2. Multi-Scale Segmentation Method Based on MST and MHR

The flowchart of our multi-scale segmentation method is shown in Figure 1. It consists of two main procedures: an initial segmentation using the MST algorithm based on the graph theory described in Section 2.1, and an object merging step using the MHR algorithm based on the FNEA method, detailed in Section 2.2.

Figure 1. Flowchart of the multi-scale segmentation method based on MST and MHR.
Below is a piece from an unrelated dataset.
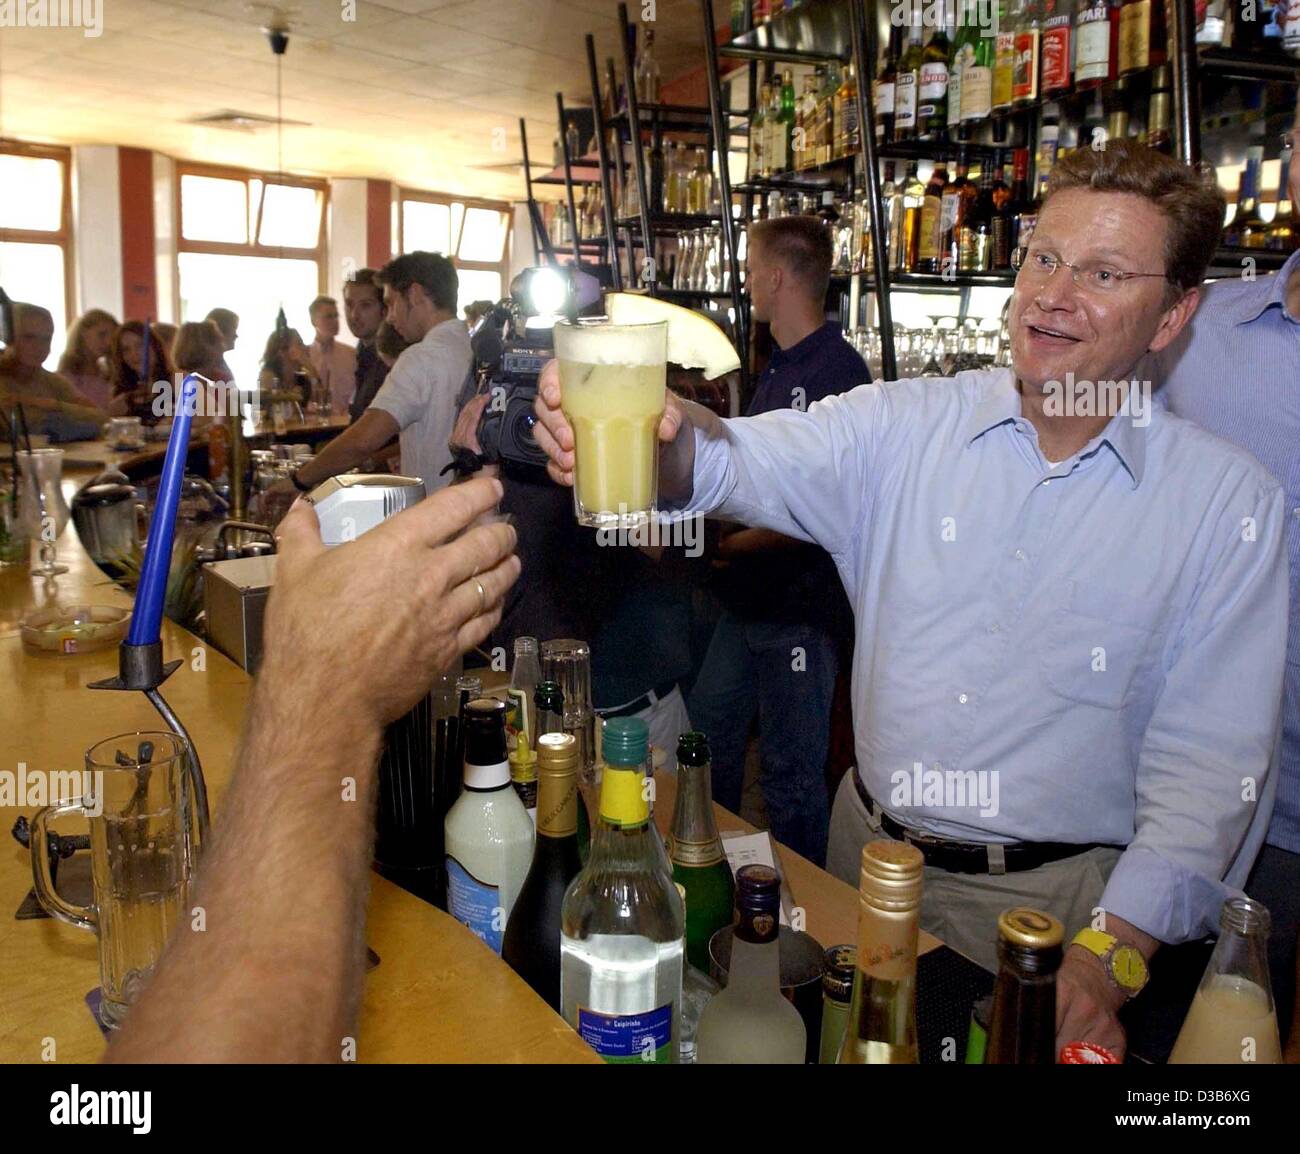 (dpa) - Guido Westerwelle, Chairman of the German liberal party FDP, serves as a barmixer to promote his election campaign programme in a student's cafeteria in Greifswald, Germany, 7 August 2002. For five weeks Westerwelle will tour the country in his trailer, the so called 'Guidomobil'. Stock Photo

2.1. Initial Segmentation Based on MST

Graph-based image segmentation techniques generally represent the problem in terms of a graph $G=(V,E)$, where each node $v_i\in V$ corresponds to a pixel in the image, and each edge $(v_i,v_j)\in E$ connects a pair of neighboring pixels. Each edge is associated with a corresponding weight $w((v_i,v_j))$, which is a non-negative measure of the dissimilarity (e.g., the difference in intensity, color, motion, location or some other local attribute) between neighboring elements $v_i$ and $v_j$ [14]. A segmentation S is a partition of V into components such that each component (or region) $C\in V$ corresponds to a connected component in a graph $G^{\prime }=(V,E^{\prime })$, where $E^{\prime }\subseteq E$. The pixel-based image is shown as a graph in Figure 2.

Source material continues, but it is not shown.